Нике пять. Она листает очередную энциклопедию. Всё понятно, всё опять понятно. Точнее, она верит буквам  - от первой до последней, а рисунки въедаются в её память. Ника хочет знать, как устроен мир. Ей нужно понять, зачем она здесь. Как же вокруг мучительно ярко и шумно! Она морщится от горячего чая, от криков на рынке райцентра, от громкой музыки и страшно боится пылесоса. «Там, откуда я родом, всё иначе» - проносится в её голове. К счастью, потом она узнает, что родители допускают многие идеи, включая идею реинкарнации. Пока она пытается освоиться в мире и признаёт, что в нём не всегда приятно находиться и, что хуже всего, от неё почти ничего не зависит. С одной стороны, она чувствует себя всесильной, как многие дети, с другой – она пытается компенсировать слабость характера стремлением предугадывать поведение окружающих.
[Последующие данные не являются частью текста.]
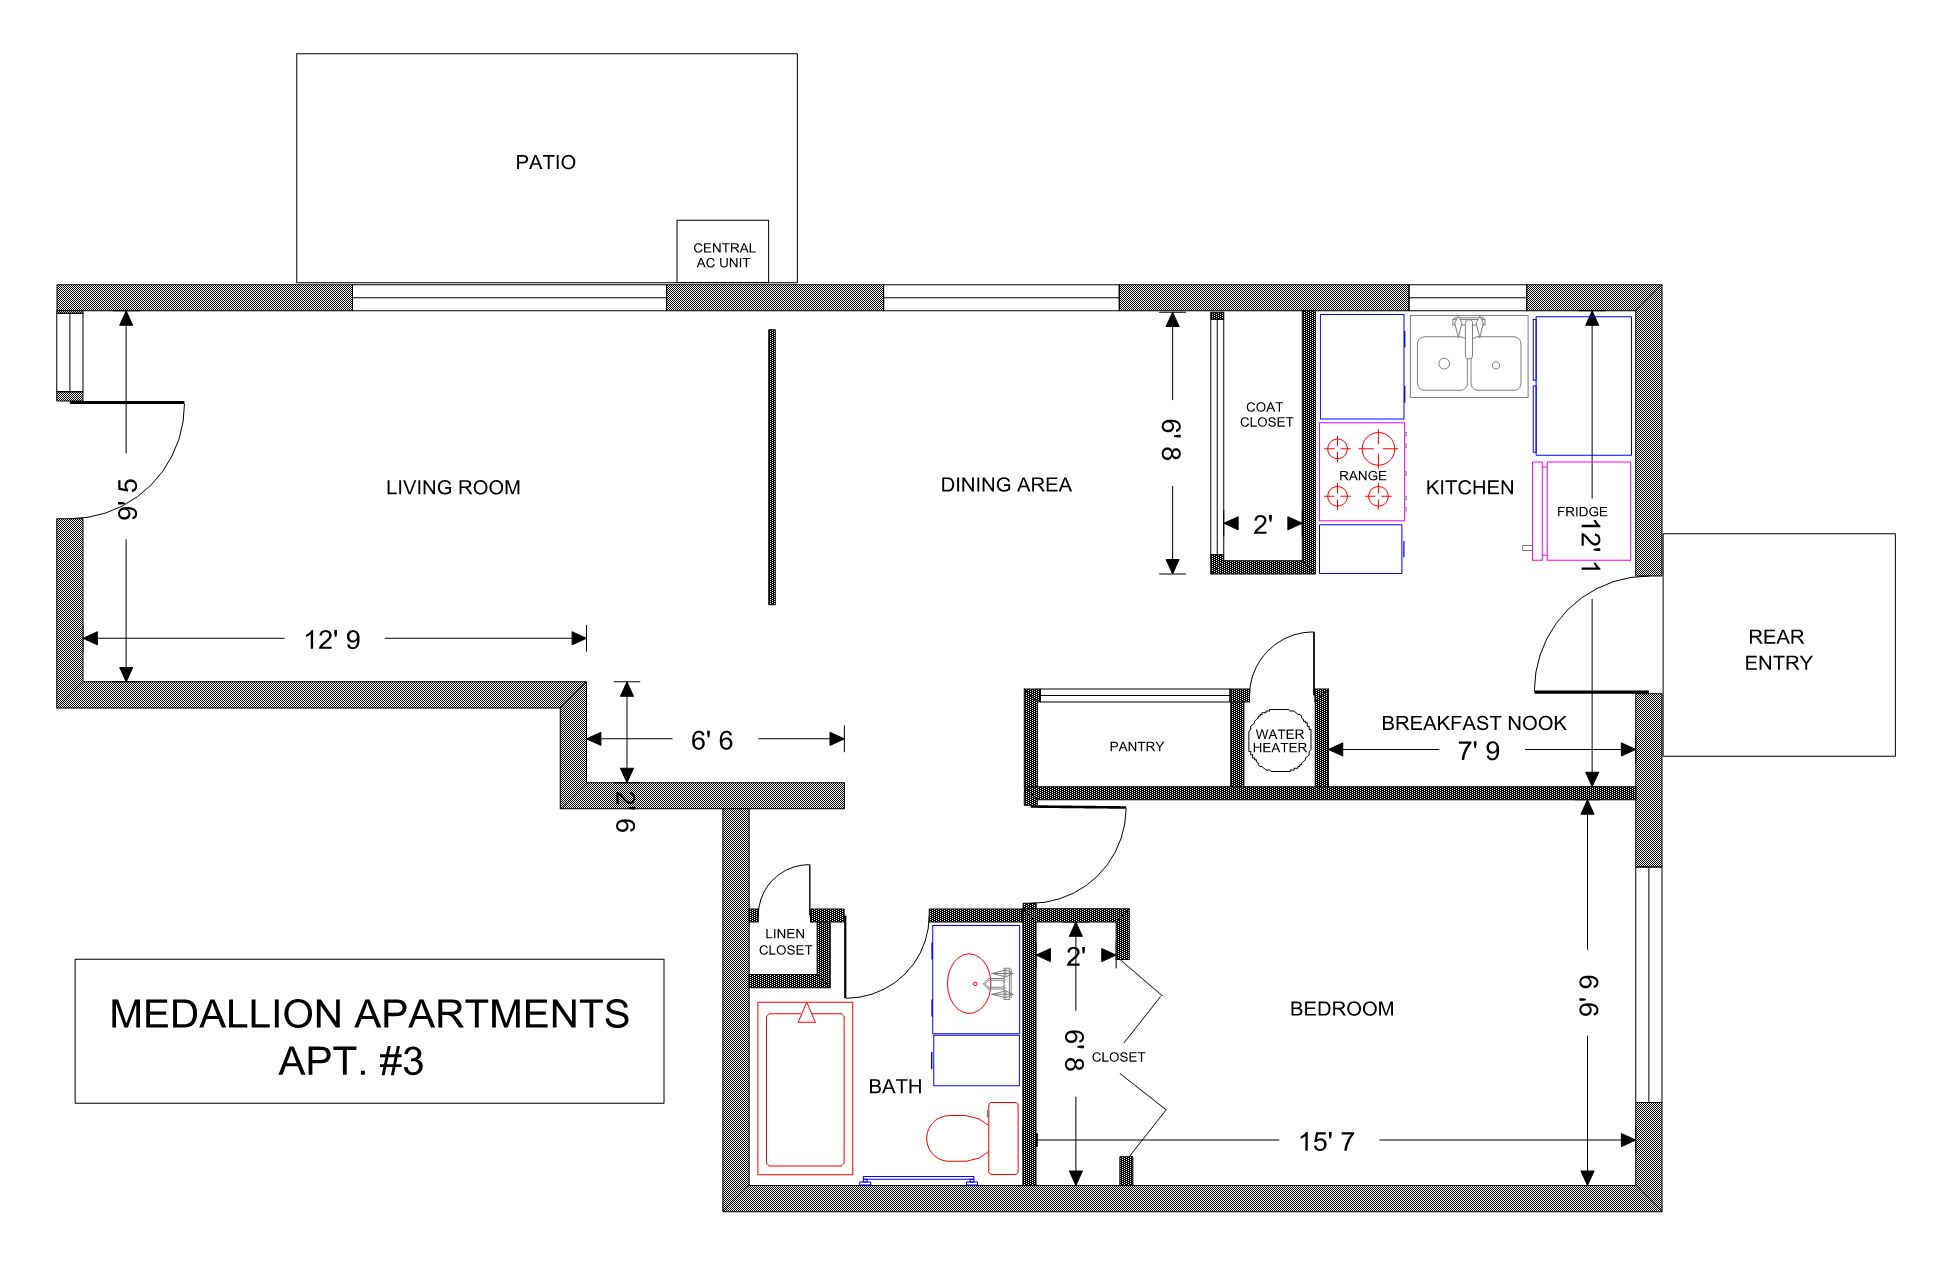 Medallion Apartments - Apt. #3 Floor Plan

Впрочем, до эры конфликтов ещё далеко, обстановка в доме всё ещё относительно гармонична, и разве что пару раз Нику наказывают, но страх, горечь и безысходность бросают в чернозём её души первые семена. Знала бы она, какими пышными будут цветы – вытащила бы каждую крупинку, научилась бы прощать. Прощать тяжело, а жалеть себя – так упоительно…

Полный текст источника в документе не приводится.